June 14, 2016

Recent conversations across the counter

These posts are all conversations that happen across my sales counter.  I hope you are finding them interesting.

Here is one that is happening about 2 times a day now for the past two weeks.  I am seeing a lot of electrical problems, and some mechanical issues that were engineered wrong, to start-off-with, at the factory.

Repairing used vehicles is quite different than it was 20 years ago.  The sophistication of integrated electronics and computer systems has caught up to us in a rude way.  The extra complications that come with a "digital" vehicle, add to the cost of repairs, and to the cost a shop spends on labor to find, locate, and repair spurious electrical problems that arise because of the complex nature of the vehicle.
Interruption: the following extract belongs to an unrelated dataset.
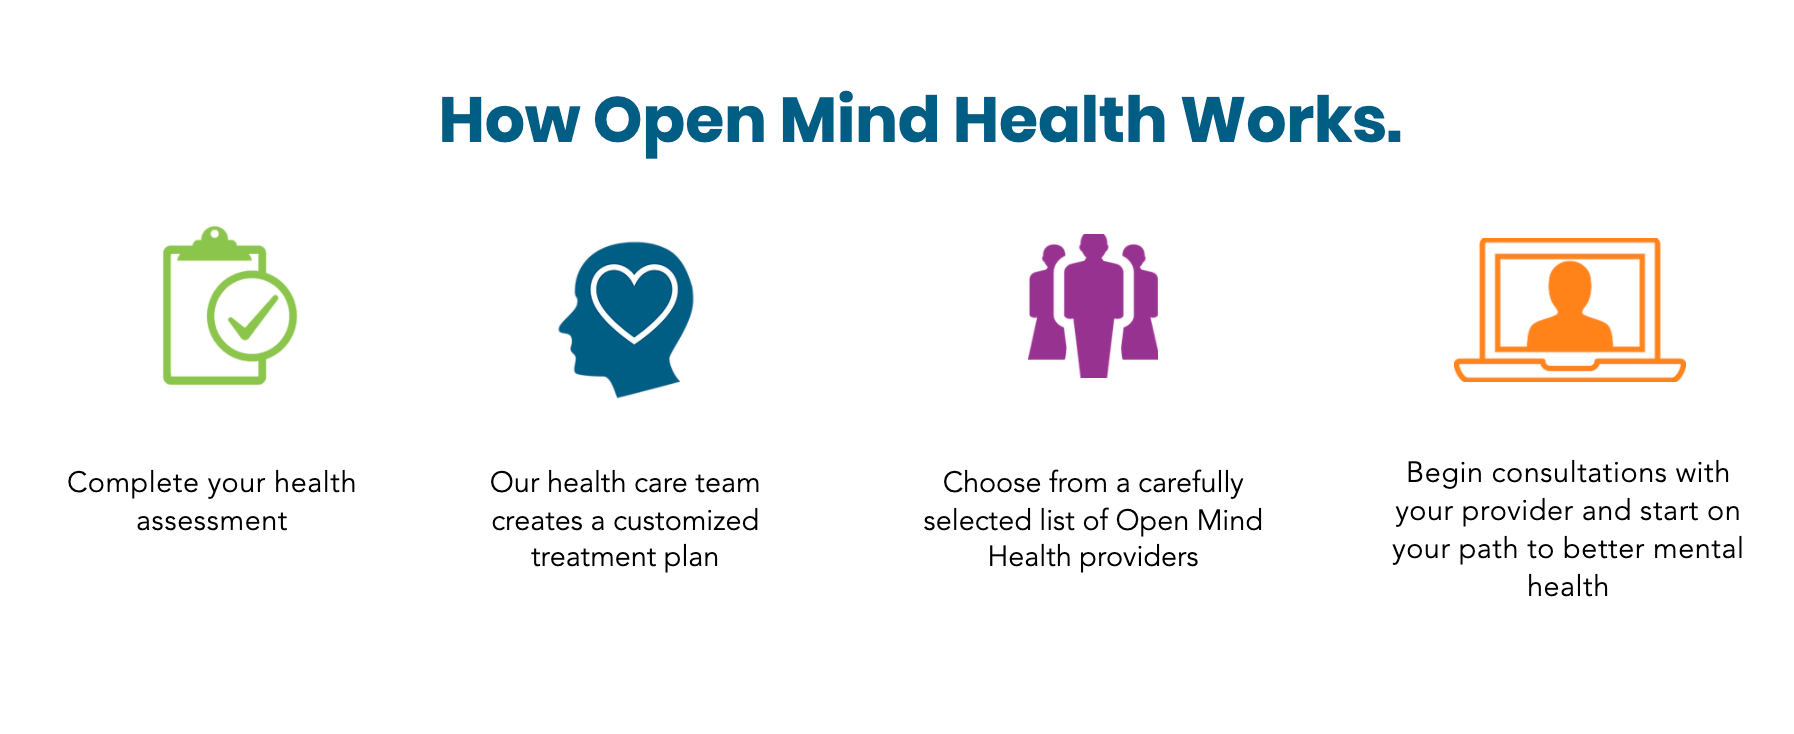 Open Mind Health, Monday, December 13, 2021, Press release picture

The next five years is going to be interesting as shops learn to adjust their labor rates and charges, in response to electrical/mechanical sophistication that was only meant to last 10 years on the obsolescence time table.

Already we are starting to see commissions of diagnostics techs drop, because an electronic trouble just will not reveal itself.  And the amount of interment electronic/electrical troubles are increasing rapidly.

Here is a good story to illustrate the point.

When the steam engine had reached it's peak mechanical efficiency in the 1920's, the engineers pushed past the envelope and developed a steam-electric locomotive.  It no longer had huge cranks on the sides turning the drive wheels, but instead a steam turbine generated electricity for electric motors that turned the drive wheels.  This was much like the diesel-electric locomotives we have today.

With the old locomotives, it usually took 3 minutes to find a problem and 3 days to repair it; making new casting, machining them, and fitting them to the engine.  With the steam-electric, it took 3 days to find the problem, and 3 minutes to repair it; usually an electrical connection that corroded, or burnt, but had to be hunted down.

So it goes with advancement.  One thinks it is not advancement.